For the second time that day, Oscar found himself drawn to that mushy, ugly spot on the banks of the Thames where he had first made love.
It was a particularly yellow day. For no particular reason. Yellow light fell soft and translucent from the sky, touching the capital mesh of screaming nonsense around him and dancing a graceful ballet with the old polluted river.
The hot sun beating down on him as it was, Oscar's face crumpled in a strained irritation. As much as he adored the yellowness of London, that day he felt an intense dislike for natural forces which made him do something ugly. Such as squinting in the harsh glare of the almighty sun. One thing Oscar had always hated was ugliness, especially in himself.
To avoid the sun's glare Oscar wore a wide-brimmed black hat, the kind he imagined Victorian gentlemen would have worn. In fact, on this particular day the sun did not bother his vision at all. Later it tormented him by boiling him alive through his thick black overcoat. How fine he had looked in the tailor's mirror, the hat and coat matching perfectly. Oscar had never anticipated the coat would make him so very warm and, burning up though he was, he daren't remove it due to his rather portly embarrassing frame and his ridiculously bright orange braces.
"What a cruel world this is!" Oscar muttered to himself. He thought about his cavemen ancestors and to what lengths they had gone to master the elements. But nature would always dominate mankind, he concluded, it was simply the way of things.
Oscar realised he was brooding again, and set off along the banks of the Thames, after kicking some dirt over the spot where he had first made love. The yellow was beginning to leave London on its way to some foreign clime and a wily demonic red gradually replaced it. Oscar once revelled in sunsets, when he was a slim young poet, very much in love with life. Now he hated the twilight time. It represented death and age for Oscar, both natural inevitabilities over which Oscar had no control. Oscar liked to be in control.
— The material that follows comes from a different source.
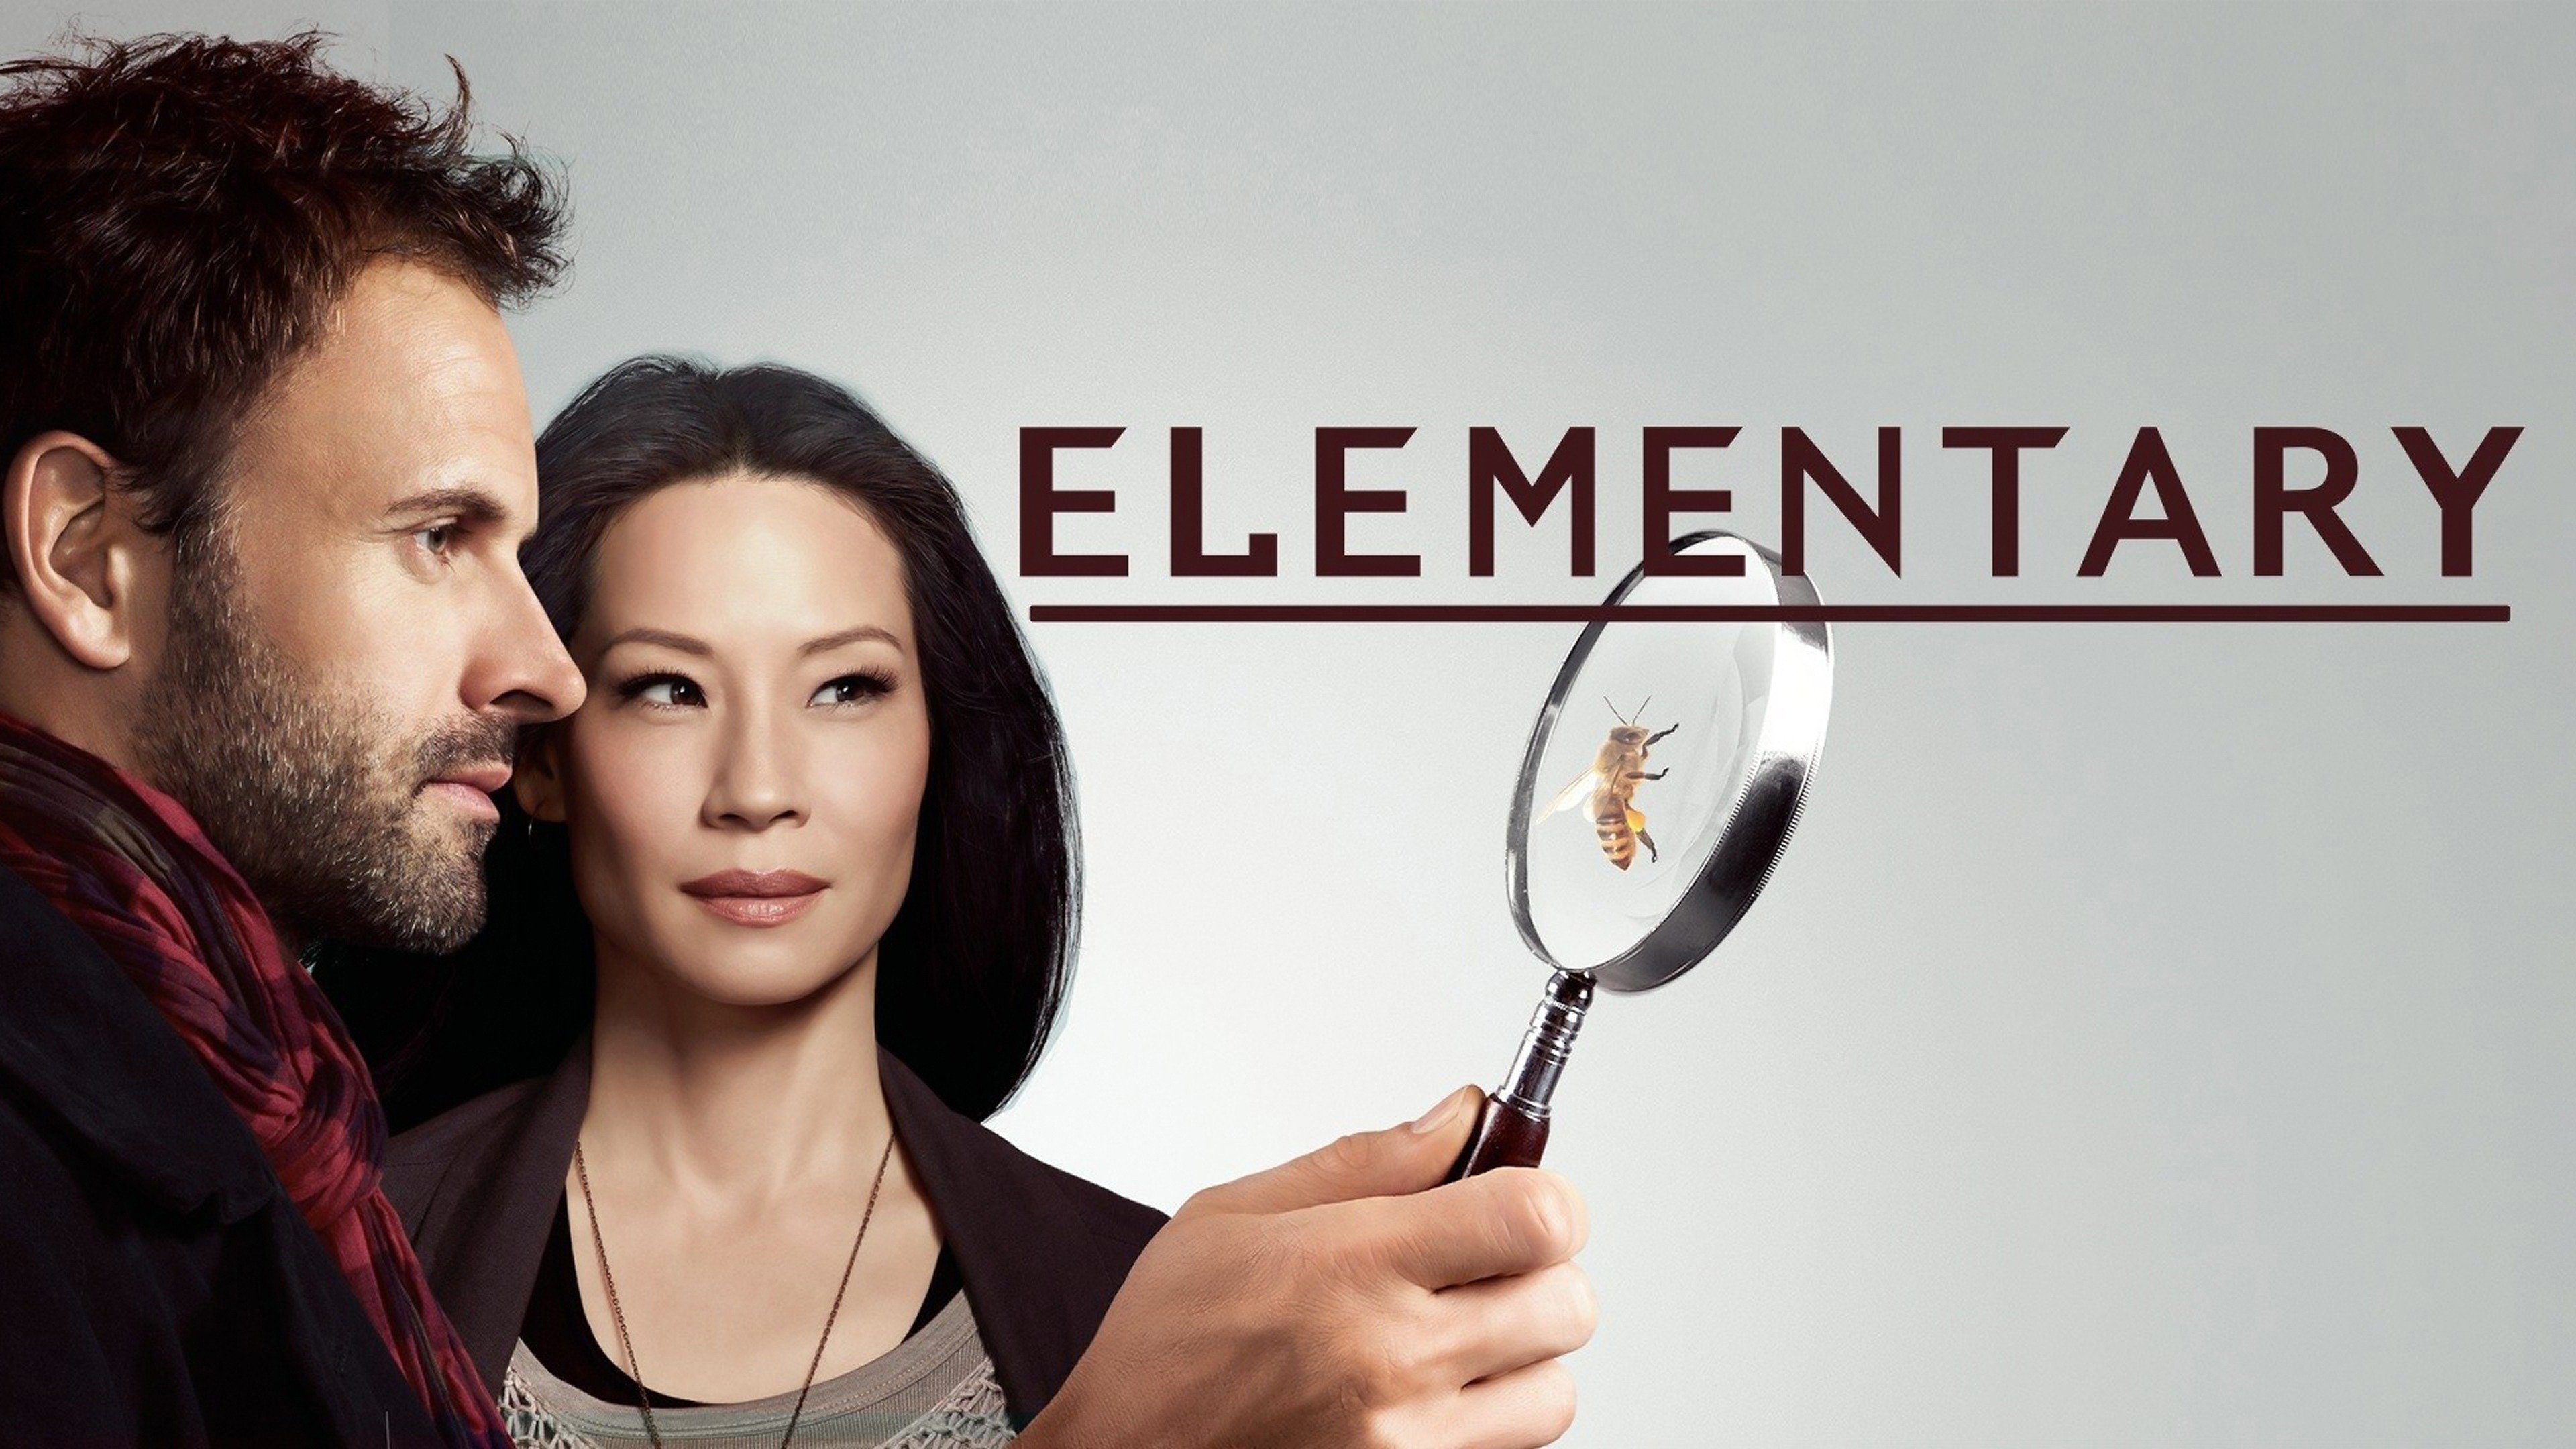 Elementary - CBS Series - Where To Watch

He hurried towards home. He looked forward to conversing with Master Emerald.
By the statue of Queen Victoria, Oscar was approached by a small young woman wearing a dusty army jacket and blue plaits in her hair.
Oscar paused dumbfounded. He could hear the girl talking, but only in a special little room in his head, the rest of him was concentrating on a terrifying wail which came from the river.
The girl was still raving. Oscar suddenly went into action; pushing the girl out of his way, loudly proclaiming 'Excuse me, my dear, it appears I am needed!'
He stormed towards the river, his wild hair throwing itself back and forth beneath the wide brimmed hat. On the banks, curiously at the same spot he had stood minutes earlier, he was accosted by a group of screaming children.
The tallest, a dark-haired skinny youth, tugged on his blazer shouting ' Please, mister, little Tommy's fallen in the old Father Thames. Help him mister, please!'
Without thinking of the consequences, Oscar went into action.